— Зашибу!.. — прохрипел он. — Пана, кого угодно!..
— Ну, давай, начинай! Прямо с меня!.. — она бесстыдно вытянулась перед ним, бледная, готовая кусаться и царапаться.
Вадим сгреб ее в охапку и потащил визжащую, вырывающуюся в ванную. Вода, по счастью, еще имелась, и, вывернув оба крана до упора, он сунул сестру под ржавые потоки, мочалкой грубо стал стирать с ее лица жирные краски.
— Еще раз увижу тебя такой! — он замолчал, не в силах справиться с горлом. Безжалостно стегнув Елену по голому извивающемуся телу, оглохший от крика, он понес ее, мокрую, выскальзывающую из рук, обратно. На полпути вспомнил о грязной постели и, передумав, бросил сестру в гостиной на диван. Накрепко укутав пледом, почти связав, вымученно произнес:
— Выспишься, поговорим!
А она уже почти не сопротивлялась, только всхлипывала от усталости и тихо поскуливала.
* * *
Вот так оно все и произошло. Случай, который случился с ним — случайным человеком на этой случайной планете.
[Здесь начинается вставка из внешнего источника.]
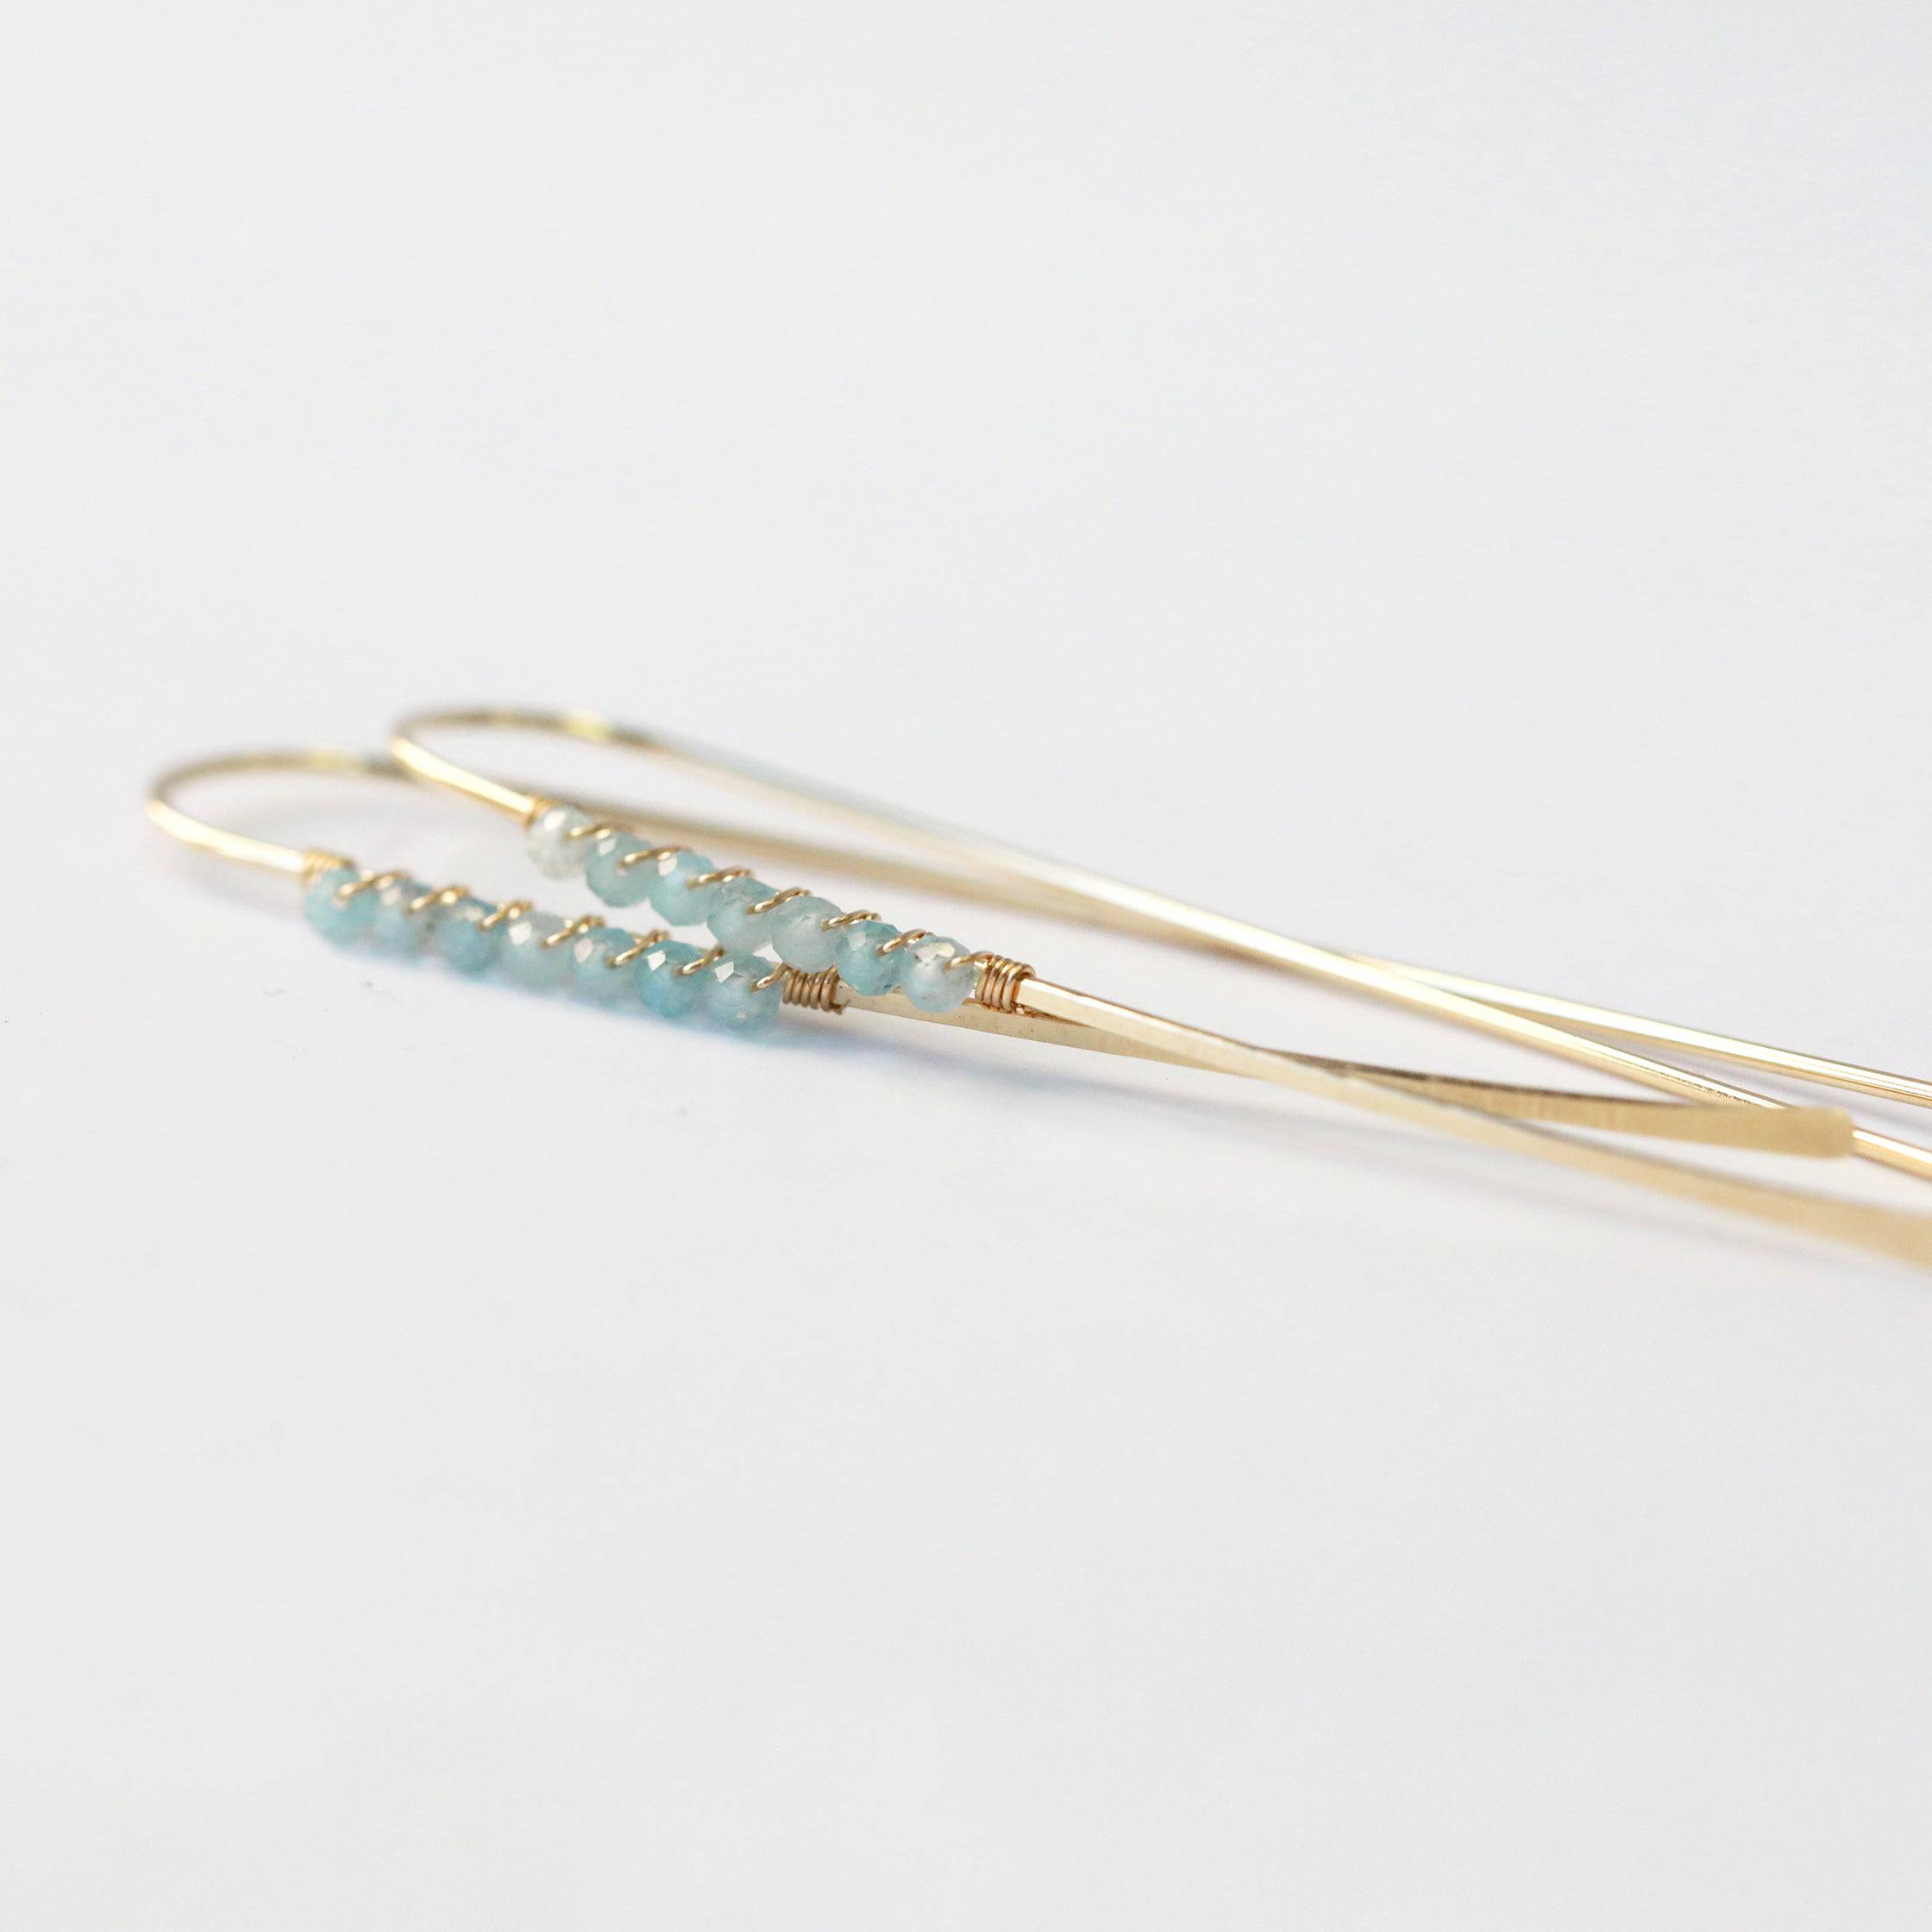 Aquamarine Threader Earrings - The Gilded Witch

Не было охоты трогать приемник, не хотелось будить Фемистокла. Пусть спит мутагом. Мутагомы, говорят, видят сны, каких не видят люди. То есть, сами они утверждают, что это не сны, а нечто более настоящее, чем все земное. Кто знает, может, это и правда. Тогда Земля для них подобие кошмара. Ведь по своей доброй воле мутагомы и впрямь не просыпаются, — только когда их разворачивают на свету, наполняя энергией словно солнечные батареи.
По рации Вадим связался с Панчугой, сообщил на всякий случай свои координаты. Возможно, продолжал держать в голове патлатого Пана, а может, просто по привычке. Отключившись, повесил рацию на гвоздь.
Кажется, все необходимое сделано. Хлам выброшен, квартира, пусть вчерне, но прибрана. Среди прочего Вадим обнаружил и западный карабин — нечто среднее между «Сайгой» и СКС, но сработанное под натовский унифицированный патрон, с солидным магазином, громоздким ночным прицелом и хитрым стволом, который, похоже, соединял в себе глушитель с гасителем отдачи. Этот Пан, как видно, был из больших любителей поохотиться. В кого стрелял, интересно, этот мерзавец? В голубей, крыс или ничего не подозревающих прохожих?… Выбрасывать винтовку Вадим, разумеется, не стал, аккуратно пристроил в углу.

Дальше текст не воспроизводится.